■ **THE TASK**
Please transcribe the data below exactly. Leave the pictures out.

■ **SUPPLIED DATA**
____________

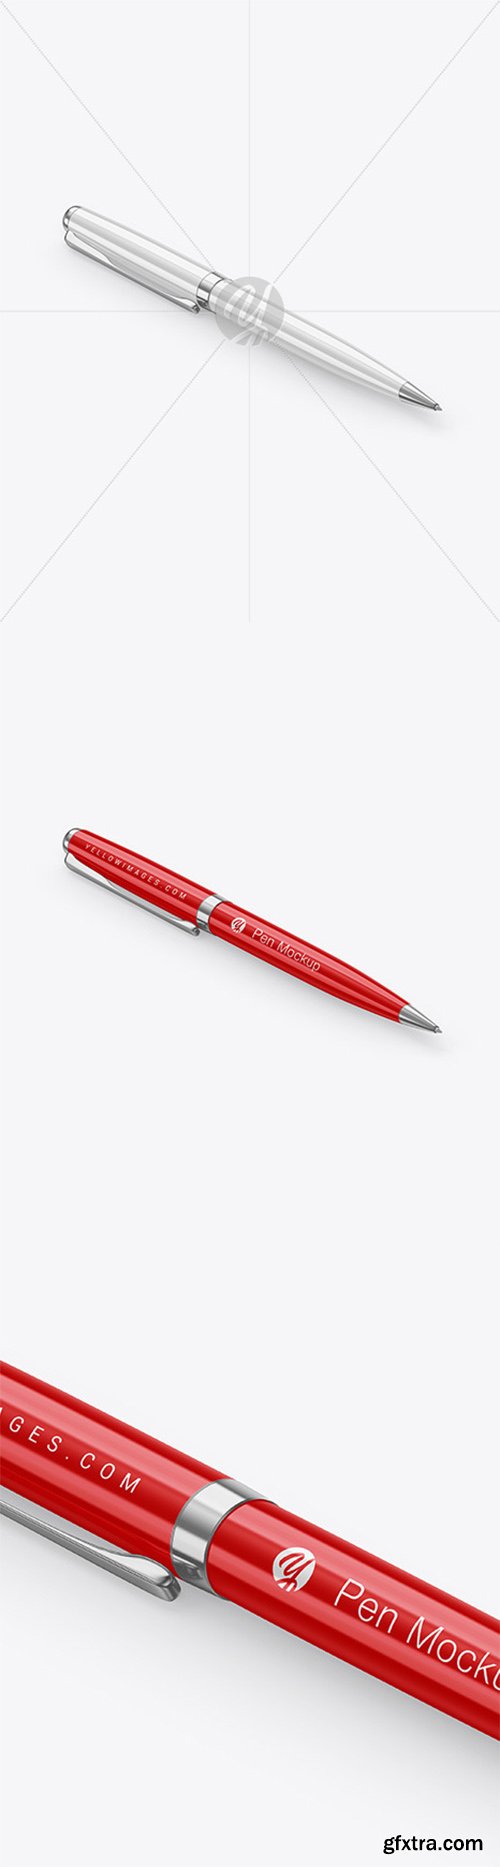 Glossy Pen w/ Metallic Finish Mockup 65922
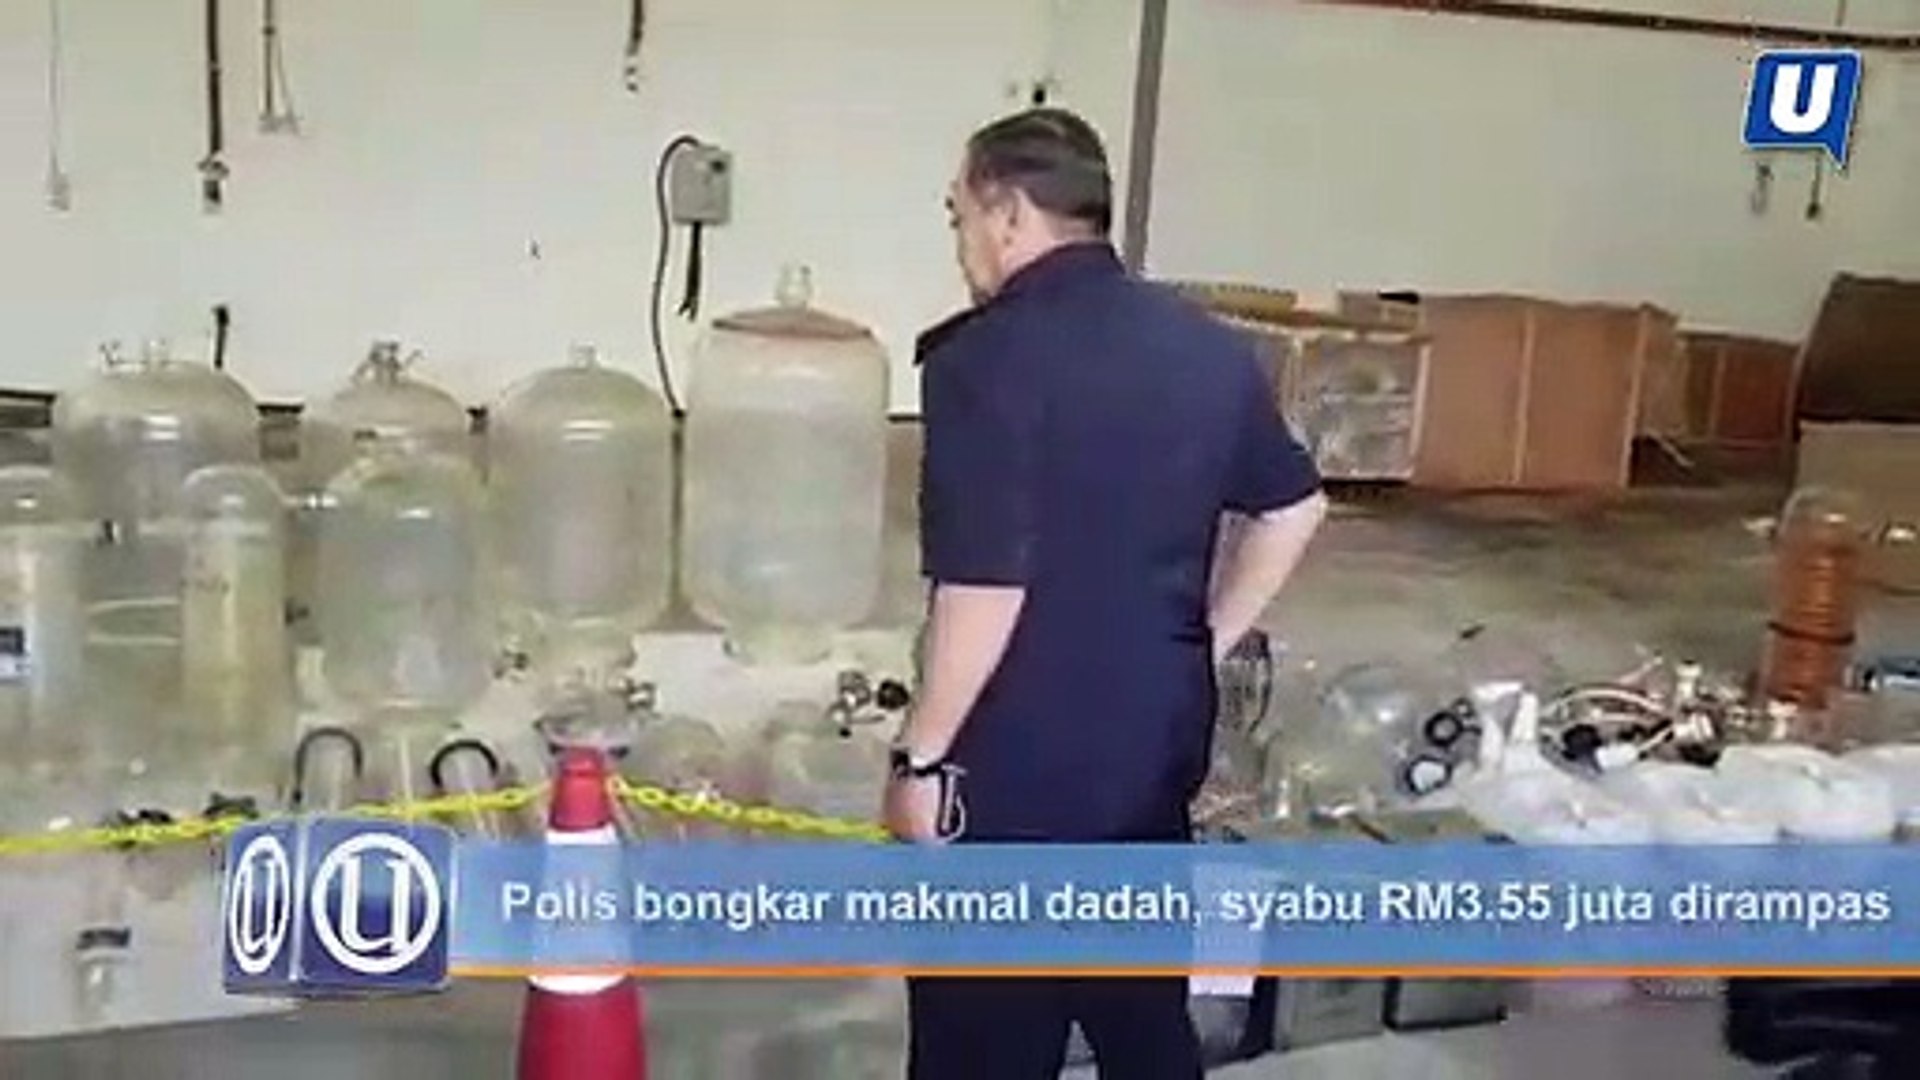 Polis bongkar makmal dadah, syabu RM3. juta dirampas
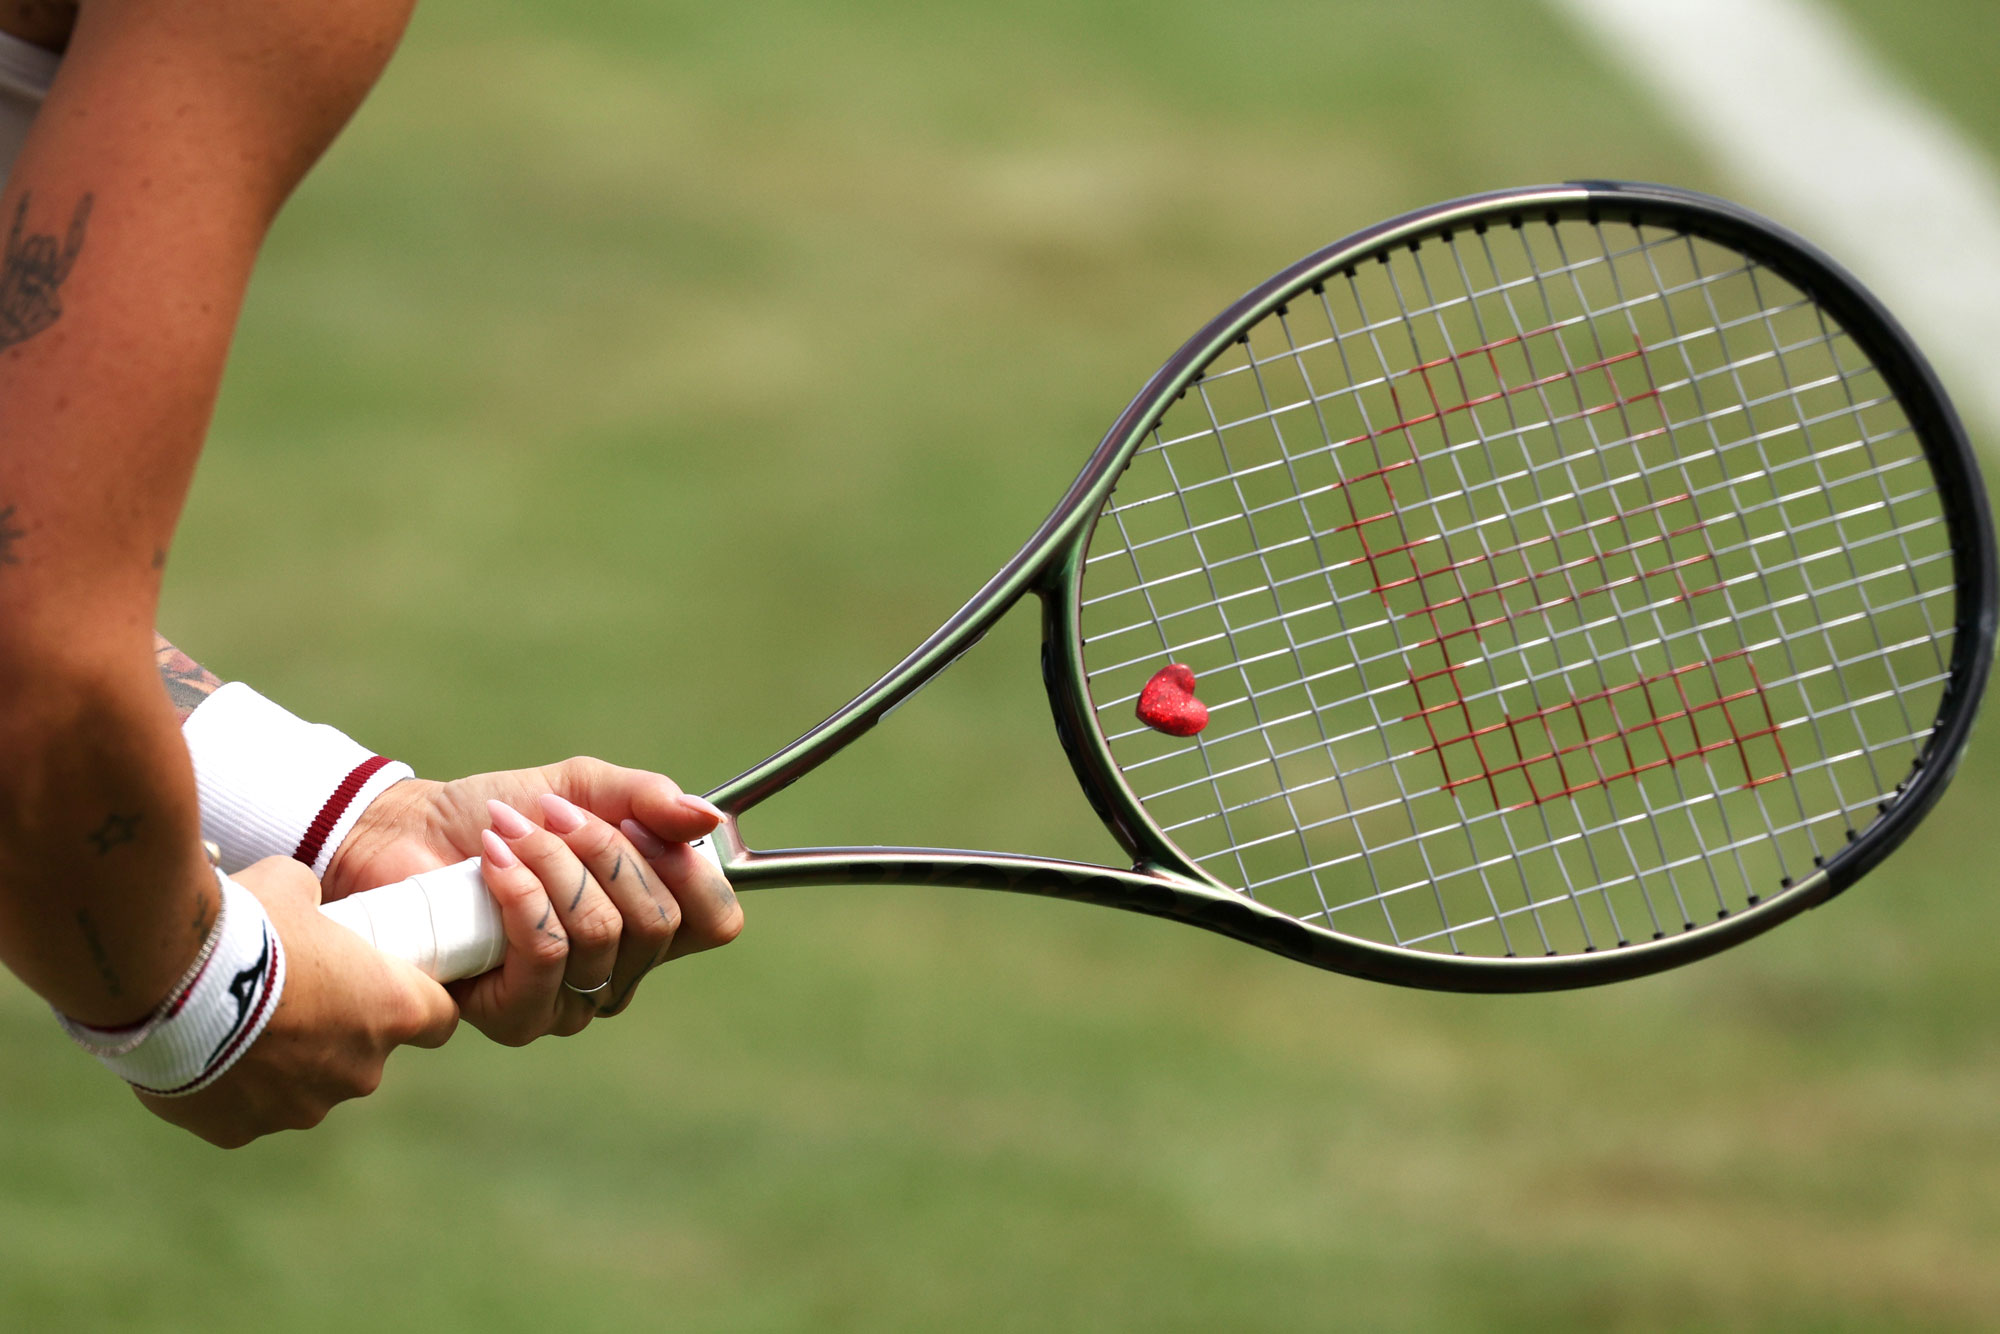 Wilson Tennis Racket Maker Amer Sports Files for US IPO - Bloomberg

____________

■ **RESPONSE AREA**
 Glossy Pen w/ Metallic Finish Mockup 65922
 Polis bongkar makmal dadah, syabu RM3. juta dirampas
 Wilson Tennis Racket Maker Amer Sports Files for US IPO - Bloomberg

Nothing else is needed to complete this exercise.